At Coursera, we use data to power our product and better serve our learners. One example is matching learners with the right learning content to reach their goals. We’ll leave it to Amazon and Netflix to speak to general discovery, and focus here instead on a set of algorithms that are specific to our learning context — our Skills Graph —, and its discovery application.
Above is a lightweight representation of the graph, which is built on data from across the site. At its essence, the graph maps a robust library of skills to each other, to the content that teaches them, to the careers that require them, and to the learners who have or want them.
Take as one example the is-taught-by edge between the skill node and the content node. It’s generated by a machine learning model with features that include attributes of the material like the frequency with which it references the skill or concepts related to the skill. One of the most powerful features, though, is what learners on the platform have self-reported learning as they moved through their experience. This edge powers a few data products on the site; one is skills-based search.
Imagine a learner who is looking to learn specific tools or technologies, maybe because she needs it for a freelancing job, or because it’s what she’s seeing on requisitions for a job to which she wants to apply.
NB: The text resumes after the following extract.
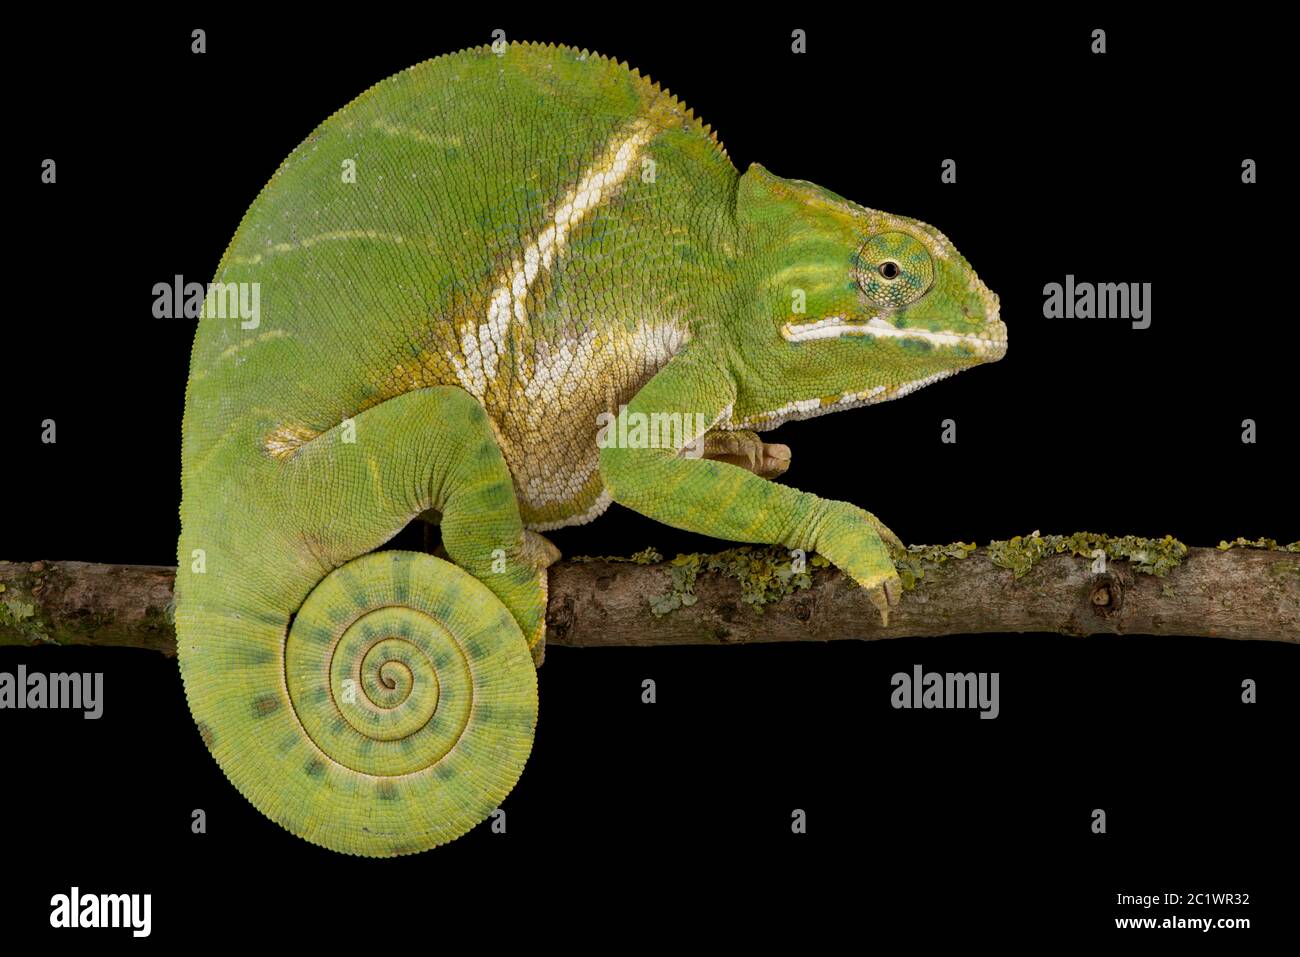 Two-banded chameleon (Furcifer balteatus) Stock Photo

While these tools and technologies are often taught in courses on Coursera, they may not be mentioned by the instructor in describing the course. An example is NumPy, a package for scientific computing in Python. Searching the catalog for NumPy would return null results with just a standard text similarity-based search — and in fact it did until we built this edge and deployed it in search. Now the query instead returns 21 matches of courses where from the graph we know learners are learning NumPy. This extends across a range of hard skills — from the very broad to the very granular.
Once we built the graph infrastructure and unleashed it to incorporate learner-reported tags, it surpassed what we could have come up with on our own. For example, our initial set of skill tags were exclusively in the business, computer science, and data domains. But today, thanks to the graph, learners can easily find content that’s teaching soft skills, too— even where these are skills that are taught only indirectly. For example, when a learner searches for confidence, she is returned several courses on public speaking, the infamous Learning How to Learn course, and more — all powered by a rich stream of learner-reported data that feeds and updates the graph daily.
While the skill-based search application produced our single biggest algorithmic win yet in search, it assumes the learner knows what she wants to learn. Since many learners are more focused on what outcome they want — for example what job — we extended the graph to include a mapping between careers and the set of skills they require. This is based on the frequency with which skills appear in postings for that job, and based on the skills we observe real learners in those jobs have through their in-course performance. Here’s one application: As the learner is browsing Coursera content she can filter down by career relevancy.
We can do better still by incorporating data on each individual — for example using our platform data to rigorously measure what each learner already knows, and use that to land them in the right level of content. This starts with item-response theory models trained on the hundreds of millions of questions that have been attempted on the platform. In a nutshell, the models output an estimated difficulty for each question. Marrying these estimates with a given learner’s performance on the assessments she’s attempted, we can infer her level in each of a range of skills. Below is sample output for a single learner. She is relatively stronger in Data Management, but weaker in Machine Learning. Knowing this allows us to, among other things, recommend beginner ML content.
Today we’ve shared some examples of how our Skills Graph, built on rich data captured across the platform, allows us to develop a more robust understanding of learners and content and careers and, when fed back in the product, is helping each learner find the right content for them.
In the coming weeks, we’ll share other applications of the graph, including how the graph is unlocking valuable insights for our enterprise customers in an application called Skills Benchmarking.